Datuk Seri Panglima Md Salleh bin Md Said (Jawi: محمد صالح بن محمد سعيد; born 10 July 1958), commonly known as Salleh Said Keruak, is a Malaysian politician who was Chief Minister of the state of Sabah from 1994 to 1996. He was Speaker of the Sabah State Legislative Assembly from 2010 to 2015 and has served as Minister of Information and Communications of Malaysia since 29 July 2015 until 10 May 2018. He also serves as a Senator in the Dewan Negara; previously he was the state assemblyman for the electoral district of Usukan. He is the son of Mohammad Said Keruak, who served as Chief Minister as well as Yang di-Pertua Negeri of Sabah.

Riding on Barisan Nasional (BN) ticket to contest in the federal parliamentary seat of Kota Belud, he and two other candidates eventually lost the votes to Sabah Heritage Party (WARISAN) candidate as well his cousin Isnaraissah Munirah Majilis in the 2018 general election.

Educational background 
He was a Bachelor graduate from Simon Fraser University in Political Science and a Phd in Political Science and Government from Universiti Putra Malaysia .

Career 
After further studies, he was designated as Kota Belud District Officer.

He also held some positions in the Cabinet of Sabah. In many years, he was the Minister of State for Finance, Minister of State for Local Government and Housing and Deputy Chief Minister of State.
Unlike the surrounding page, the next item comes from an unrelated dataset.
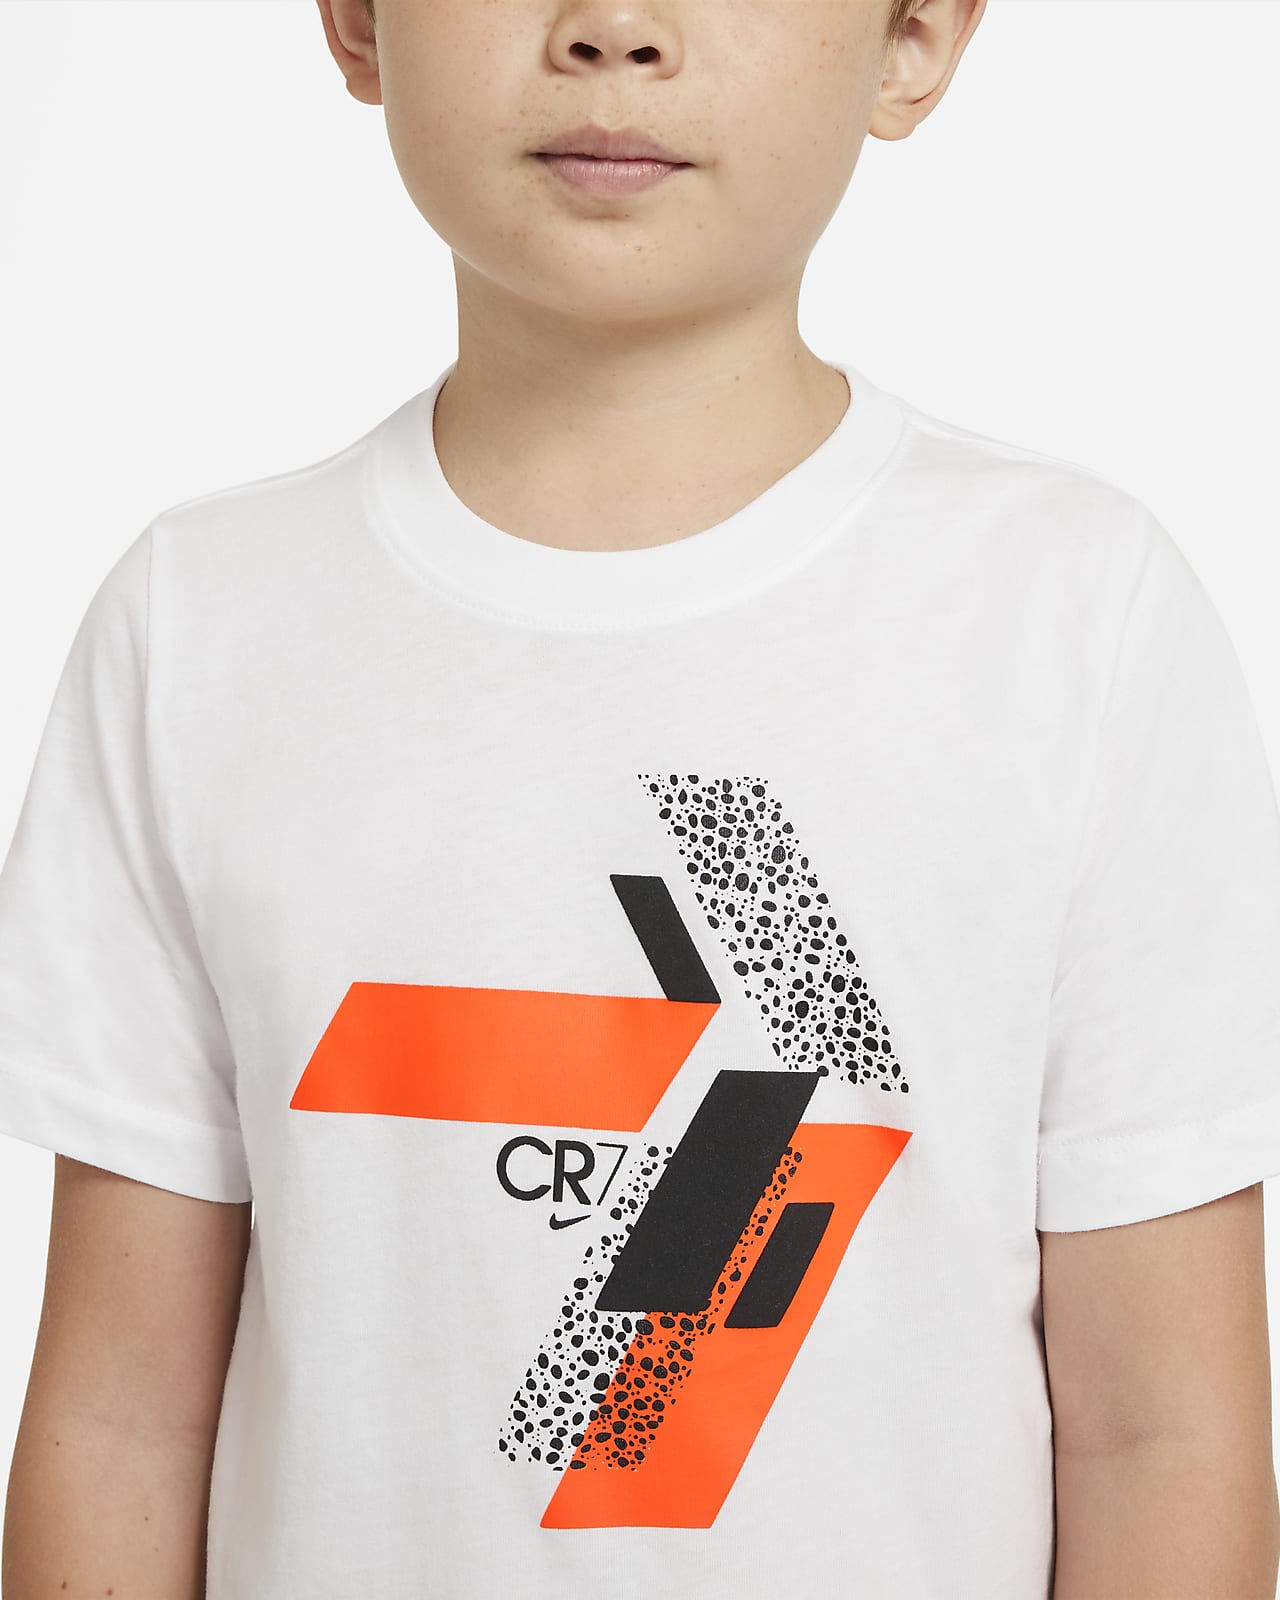 cr7 t shirt india

On 28 December 1994, Prime Minister Mahathir Mohamad appointed him as the Chief Minister of the State. His tenure as the State Chief Minister ended on 26 May 1996, and he was succeeded by Sabah Progressive Party (SAPP) President Yong Teck Lee.
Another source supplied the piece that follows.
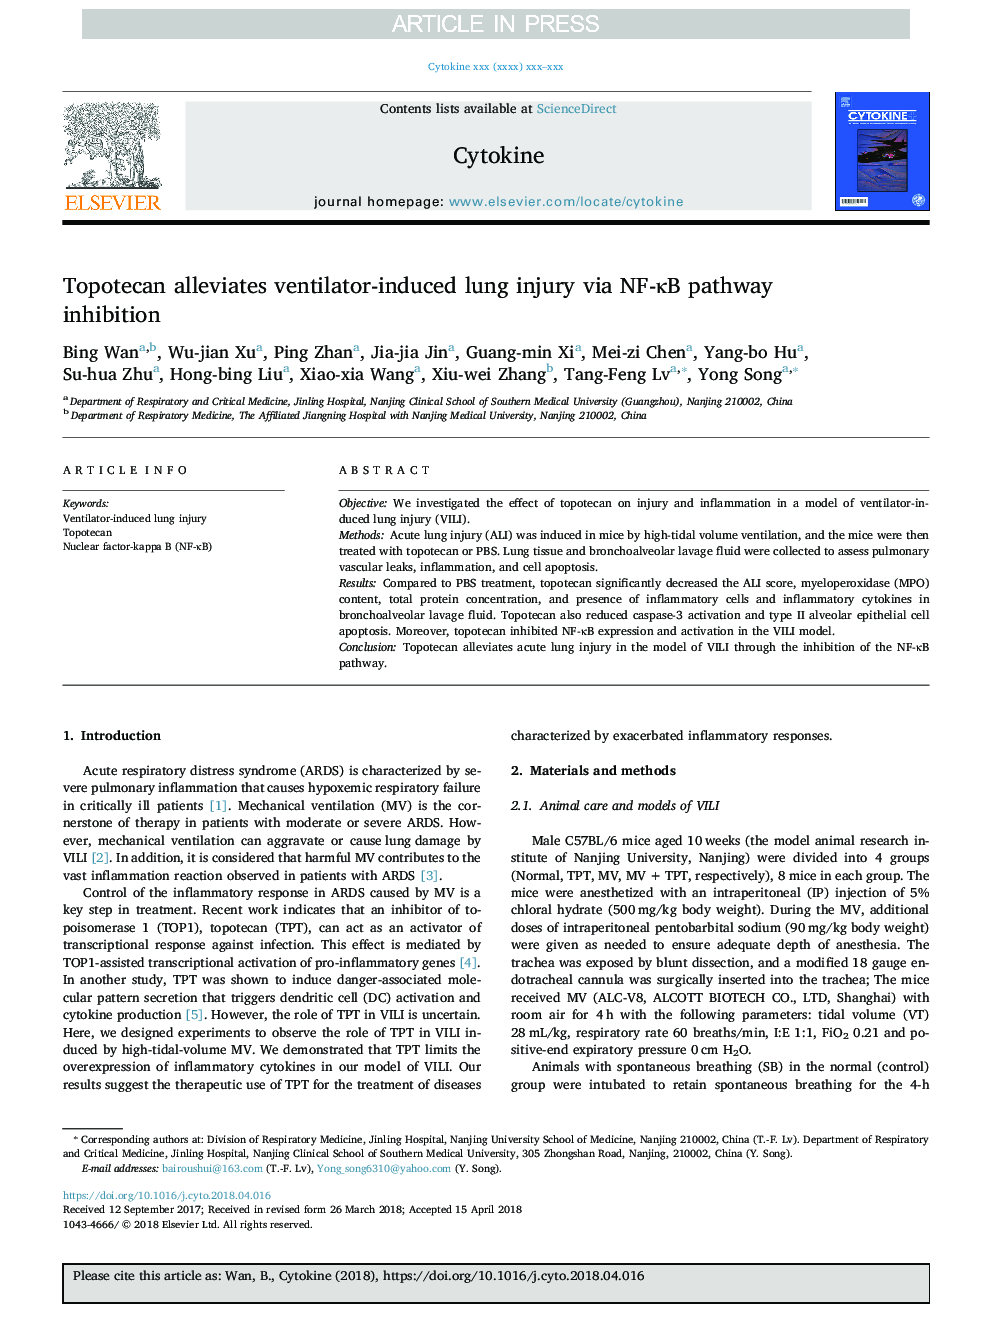 Topotecan alleviates ventilator-induced lung injury via NF-ÎºB pathway inhibition

On 4 January 2010, Chief Minister of State, Musa Aman, appointed him as his Science and Technology Adviser with ministerial rank. He replaced Tham Nyip Shen, former Deputy Chief Minister of State.

On 12 January 2011, he was appointed as the Speaker of the State Legislature. Before that, on the first day of 2011, he was appointed as the Chairman of National Film Development Corporation Malaysia (FINAS)  by the Federal Minister of Information, Communication and Culture, Dr. Rais Yatim.

Under the party of United Malays National Organisation (UMNO), he is the Sabah Liaison Deputy Chairman. He also presides over the United Sabah Bajau Organisation (USBO).

On 6 October 2019, he admitted that he is submitting the admission letter to the People’s Justice Party (PKR) as the party is multiracial, and it is in line with Salleh's political beliefs, especially focusing on the future of the Malaysian state in East Malaysia, Sabah.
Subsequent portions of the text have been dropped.